All of a sudden, the principal’s office called with an urgent notification of the death of our President, John F. Kennedy. The silence in the room was stunning, as you could imagine 5th graders that keep up a continuous banter under most circumstances, but there was a surreal quality to those moments after that announcement that seemingly hovered above us as the importance of what was said just couldn’t be true.

Prior to Kennedy’s assassination, we had been reviewing all of the innovations that this President had initiated and how he was making the changes in our society that would be a benefit to everyone. Being Black and having a very real bird’s eye view of all of the things that were happening, in regard to civil rights and the discussions that Martin Luther King had been bringing to the forefront and Malcolm X extolling the realities that this society had been allowing to occur, this President was our knight in shining armor.

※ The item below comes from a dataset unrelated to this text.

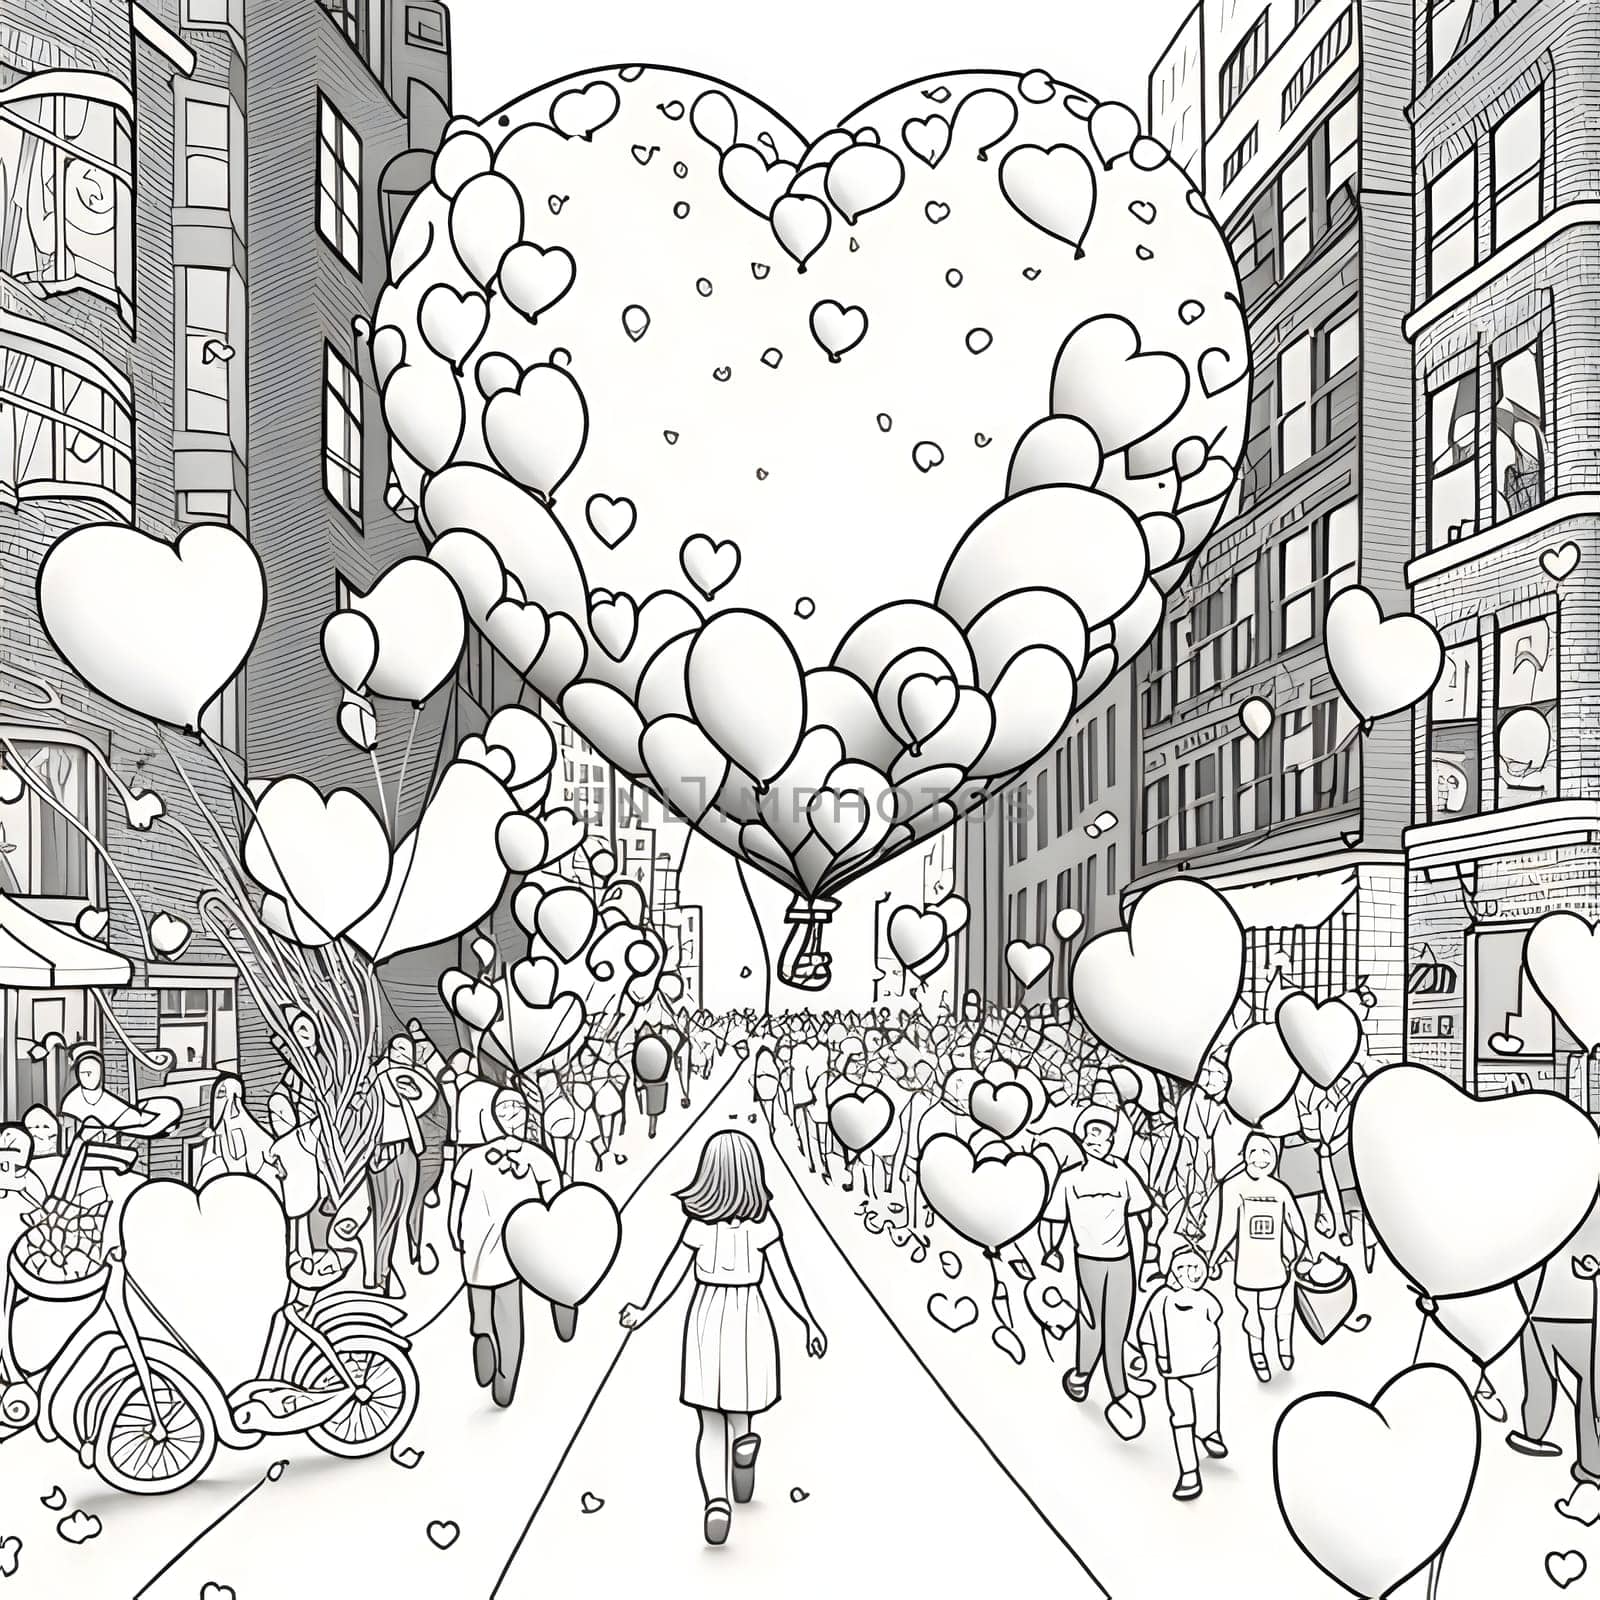 A giant heart, a crowd. People and confetti black and white coloring sheet. New Year's party and celebrations. by ThemesS

The news was to say the least, devastating. Everyone was in tears as the reality of the news took hold.

As we grew older, those moments seemed to permeate themselves in ways that we could not explain. Definitive movements within our government suddenly took on a new texture and the beginnings that this President had initiated were carried through. With the wonders that presented themselves in entities like the Peace Corps and our race to space, it had seemed like the sky was not the limit and for the first time it seemed that we had had a President that truly cared about the stature of all men, regardless of ethnicity.

In conclusion, the true pressures that the diversity of this country can impose on any individual can be insurmountable, however, in the time that this President held the reigns, he proved that an individual could have a lasting impact regardless of the opposition resorting to violence to quell their voice.